Thanks to toyota reliashility, I'm now rebuilding the old CT20B turbo. I asked UK/US pros turbo CHRA balancing alone cost $60-100 there generally for a solid rebuilt turbo, or 2000-3300 baht equivalently speaking.

 

I contacted a Bangkok turbo distributor( Worldtech to be exact, bought parts from them before had great experience with them ), they say they can do CHRA balancing but could only give exact price once recieved turbo, and atmost would not exceed 12000baht. Well this obviously only a upper limit, and is too ambigous as 12000 baht I could buy 2 fresh CHRA... So wonder if anyone did this before could share their experience? Million thanks

 

And some rants... Dunno why toyota put freaking ceramic turbine in their turbo. After 26 yrs of service they do broke and when ceramics broke they sucked back in combustion chamber and destroys the engine, I got lucky there stopped driving immediately and the lump still runs smooth after in NA testing and holds compression. New wheel would be inconel, but if I couldn't get it to balancing properly I may just modify the header and throws in a cheap Holset or Hitachi, much reliable than the toyota s***

 

Edited by Coremouse
Link to comment
Share on other sites

Most - if not all -impellers come already balanced.

I would be surprised if they did not.

Rebuilt lots of them, and aside from new bearings and impellers, we did nothing.

Water pumps would run 22 hours a day - 7 days a week - from May til October.

Never a problem. Various engines from 3406 3408 3412 Cats to various Cummins, even the odd DD which were both turbocharged and supercharged 2 strokes

  • Like 1
  • Thanks 1
Link to comment
Share on other sites

Yeah that's what I thought, the components would be already balanced of course, but an expert 3sgte builder stressed to me balancing would be neccessary, also I'm using new turbine shaft+old compressor wheel, not sure if I could keep stack imbalance minimal...

Link to comment
Share on other sites

3 hours ago, pineapple01 said:

Was it worth it?

Not sure, but new turbos(ball bearing vs journal, improved geometry vs outdated design, lighter housing vs nickel cast iron deadweight) would definitely beat it even if single entry. 

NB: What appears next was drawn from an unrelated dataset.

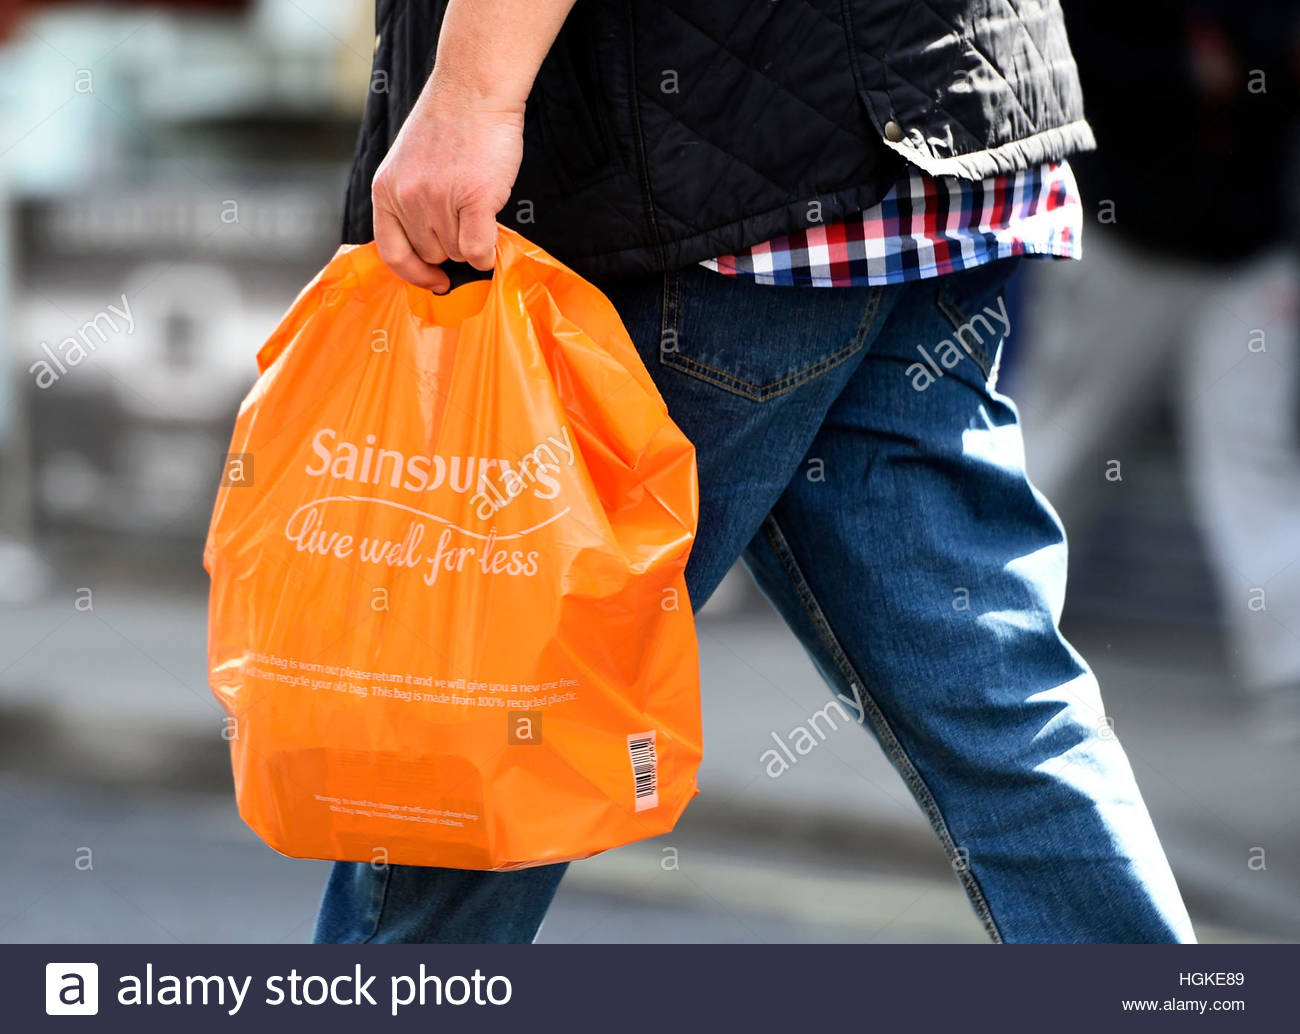 Sainsbury's Bag High Resolution Stock Photography and Images - Alamy

Twinscroll EFRs are superb spool even faster than new G25, but not every twinscroll is EFR????

 

The manifold I made is only for ease of maintenance not for performance upgrade though, my internal wastegate was failing and good ones are quite expensive

Edited by Coremouse
Link to comment
Share on other sites

1 hour ago, alacrity said:

Why would a company to commit to a low price when unable to assess the level of refurbishment needed?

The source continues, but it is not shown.